- Required action -
Retype, without pictures, the line holding "Kort hår googlesøgning" and each line below it through the final line.

- Supplied information -
----
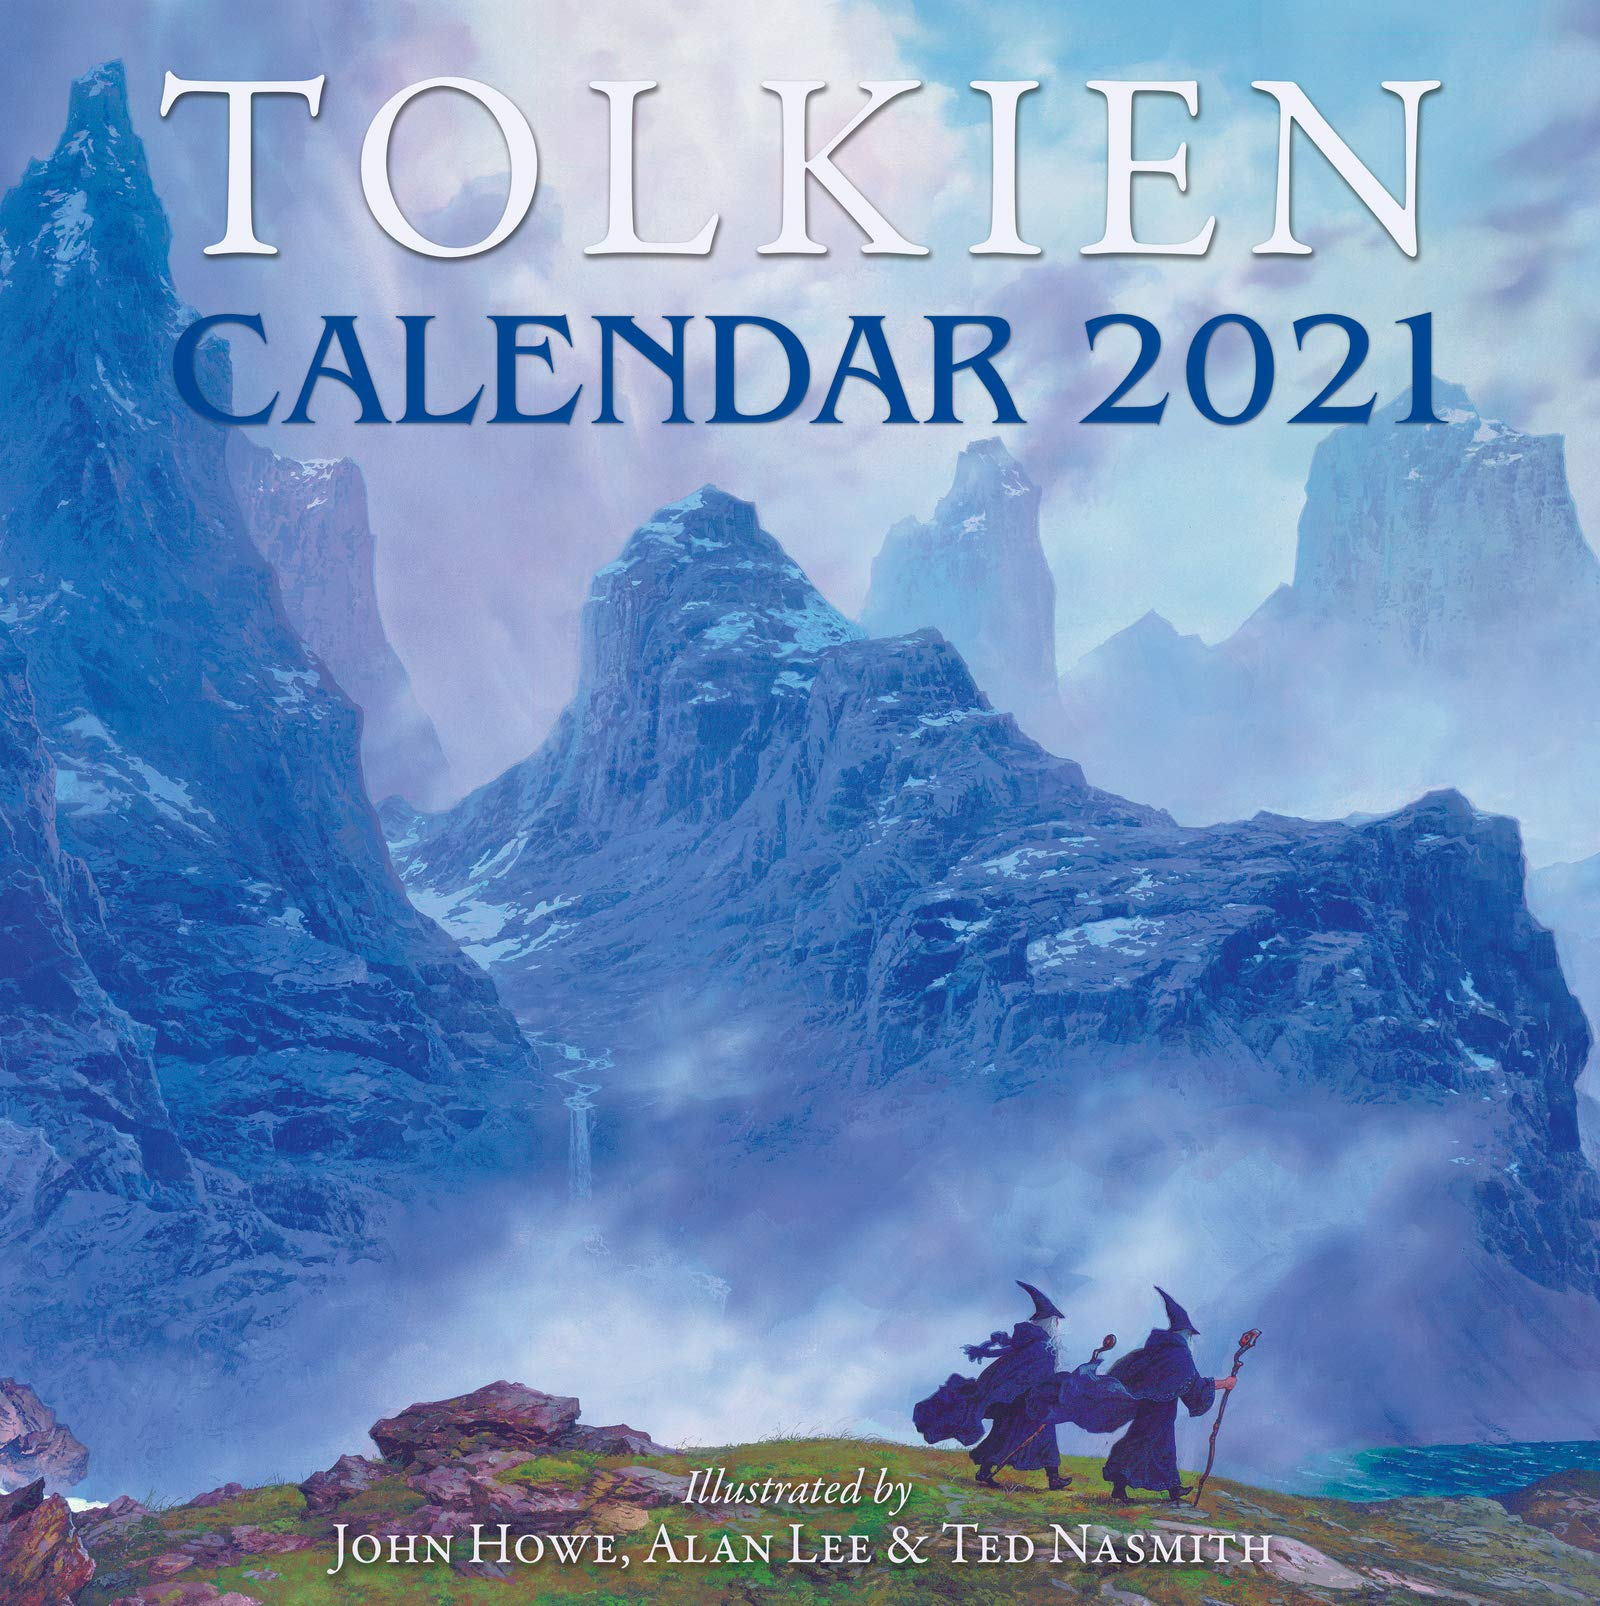 Calendrier Ring 2021 Tolkien Calendar 2021: Tolkien, J. R. R.: 9780063022171: Amazon
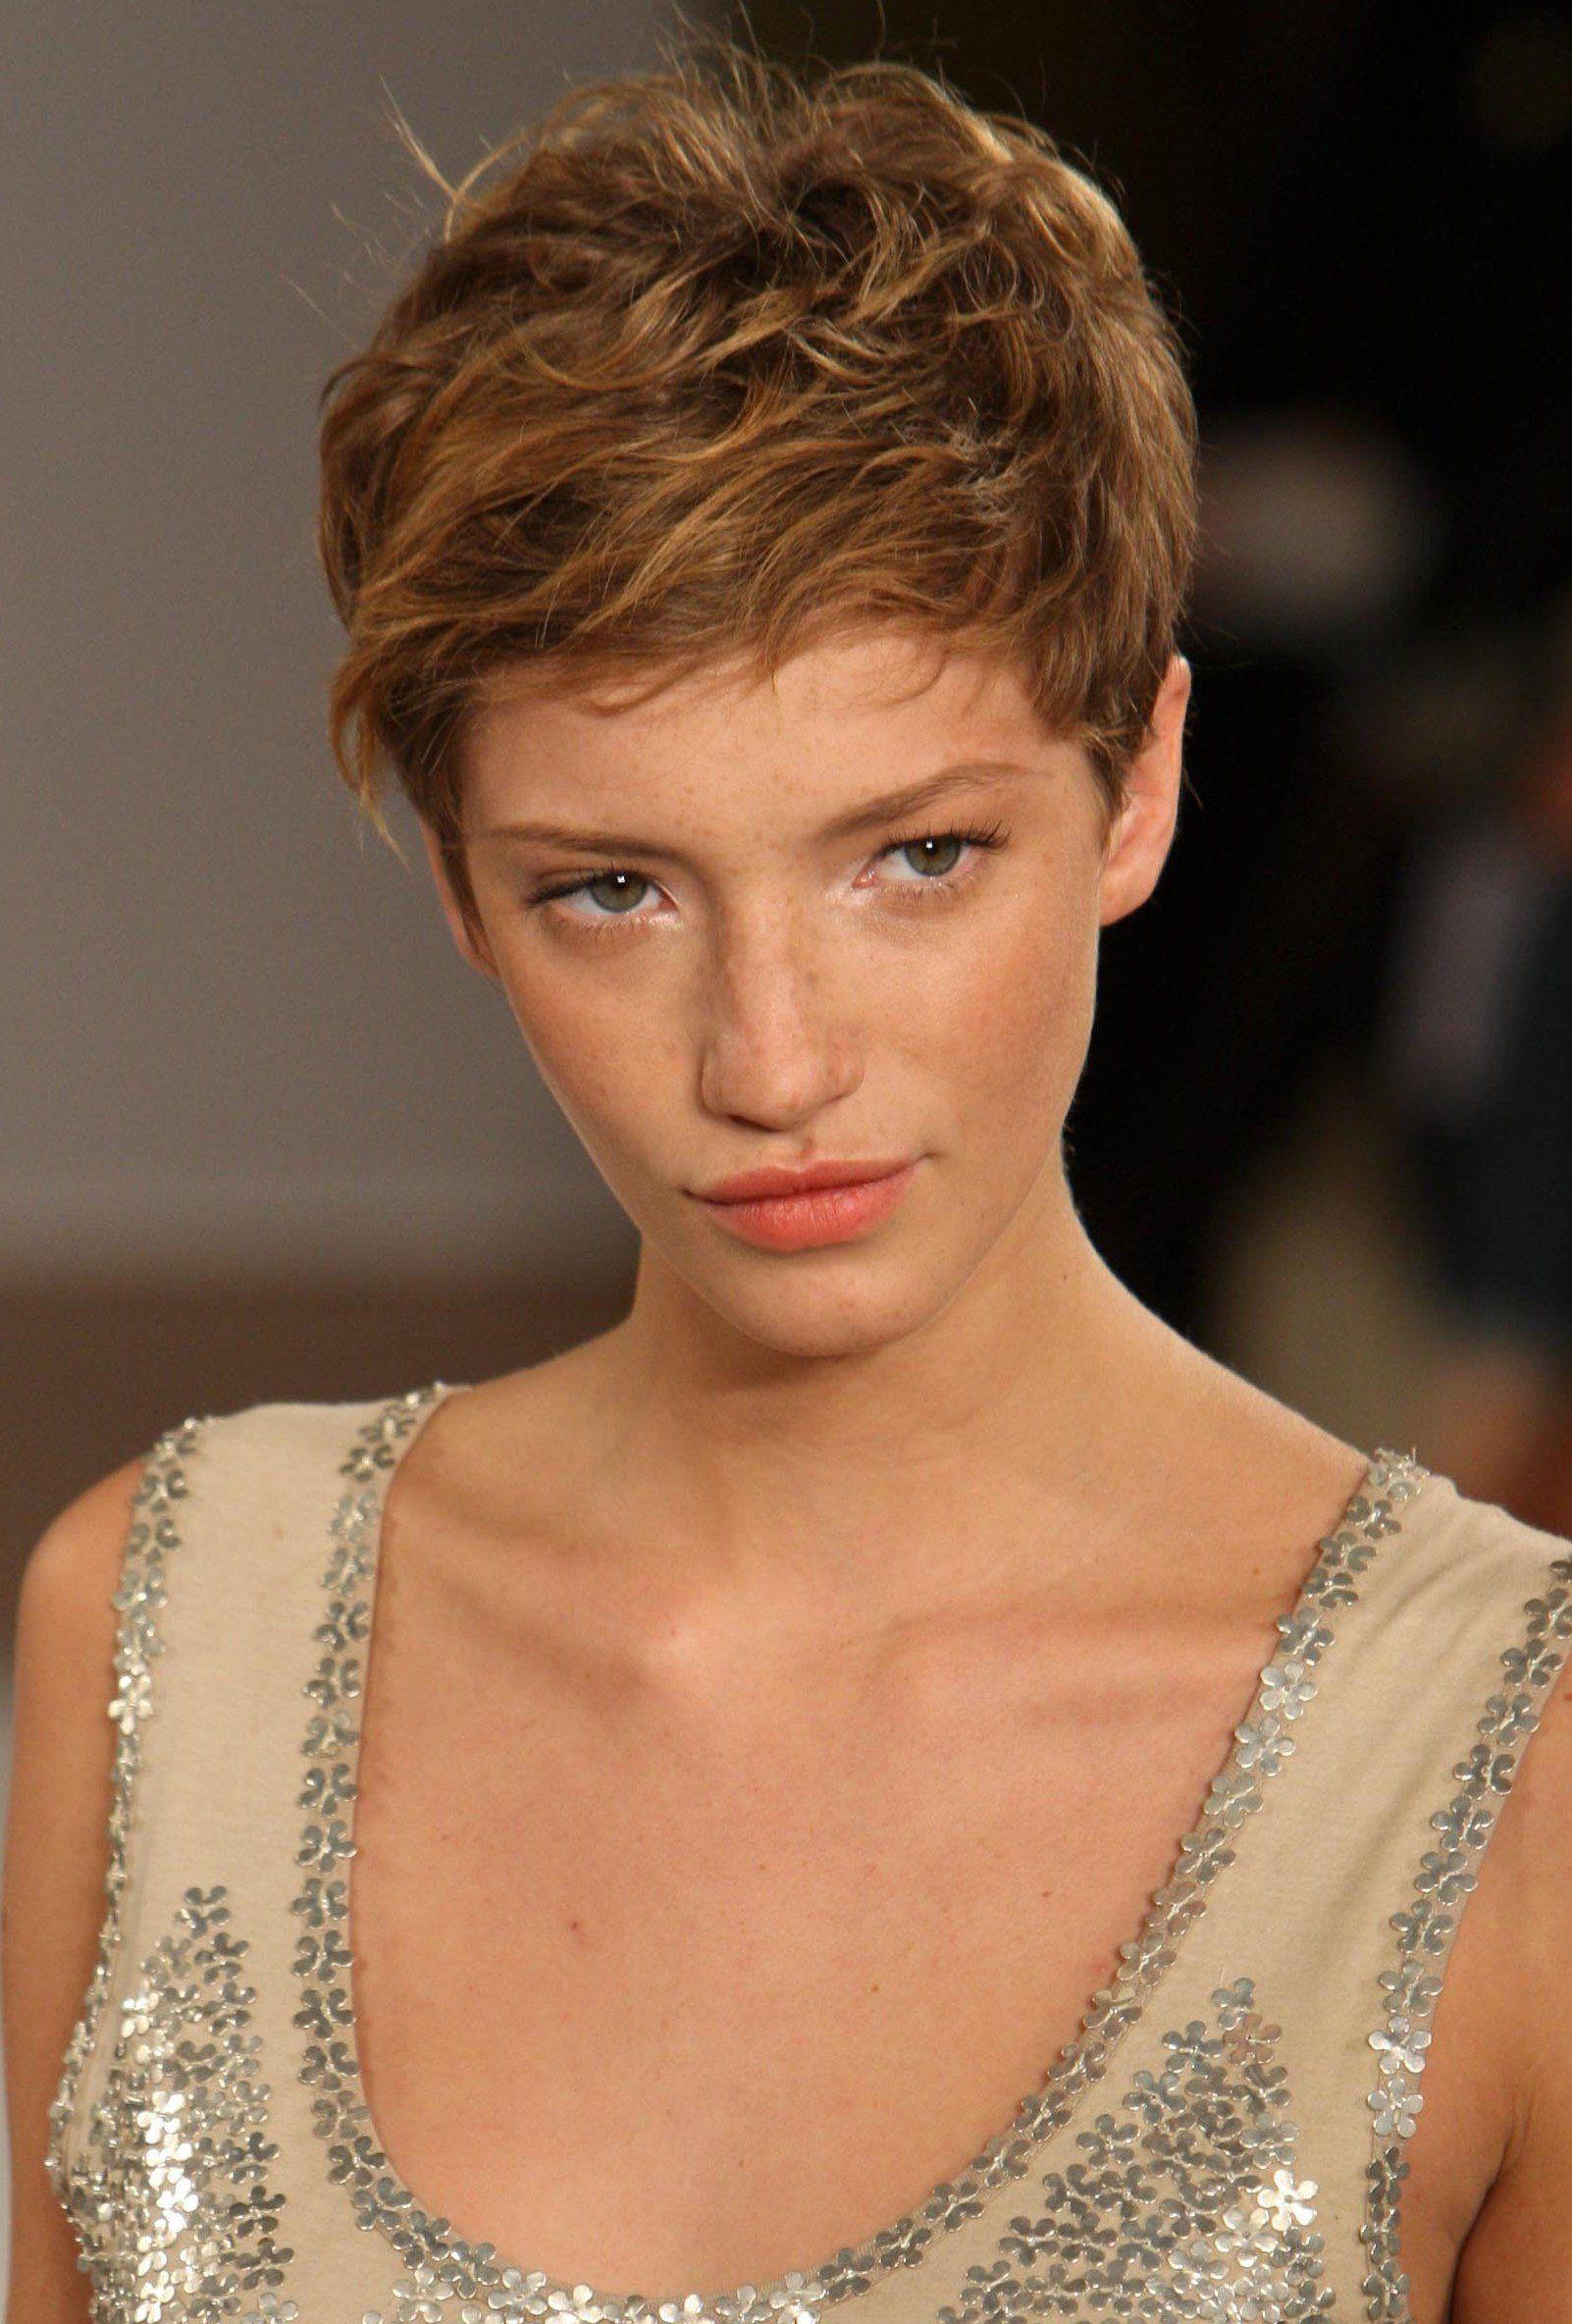 Kort hår googlesøgning Зуля pinterest short pixie haircuts
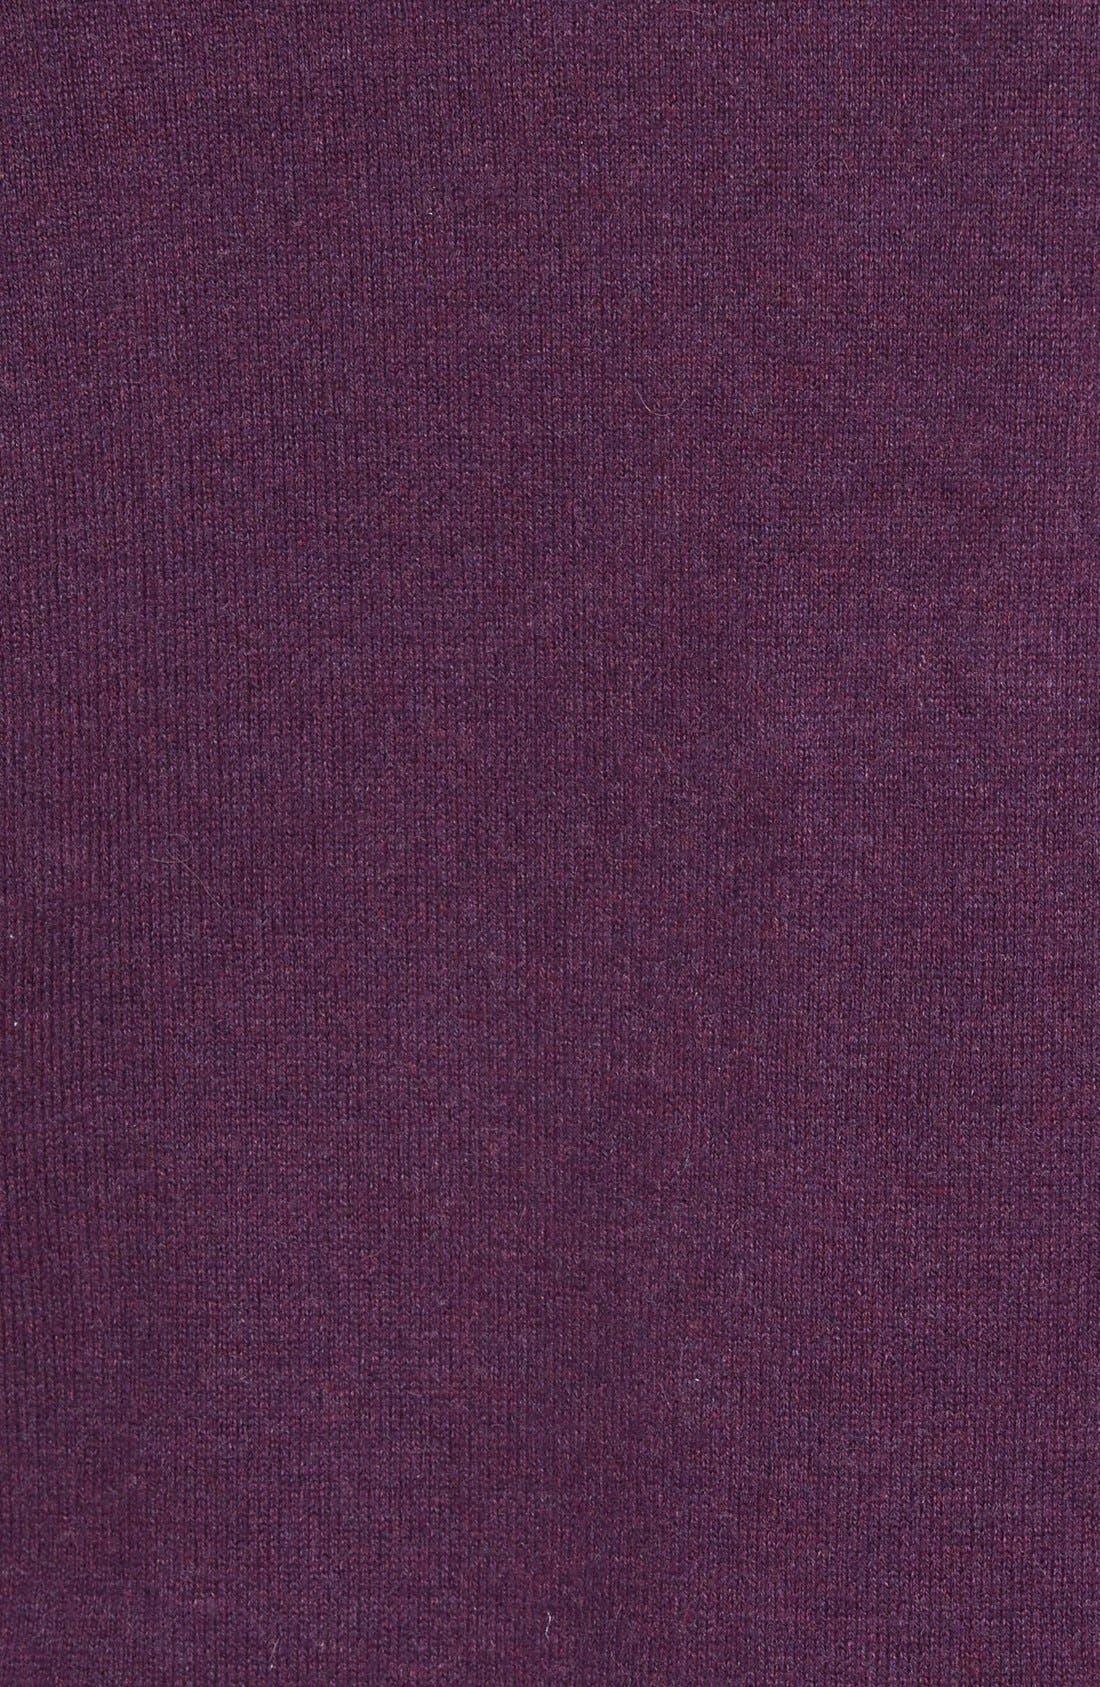 'Jersey Sport' Cotton Blend Crewneck Sweater,                             Alternate thumbnail 38, color,
----
- Output -
 Kort hår googlesøgning Зуля pinterest short pixie haircuts
 'Jersey Sport' Cotton Blend Crewneck Sweater,                             Alternate thumbnail 38, color,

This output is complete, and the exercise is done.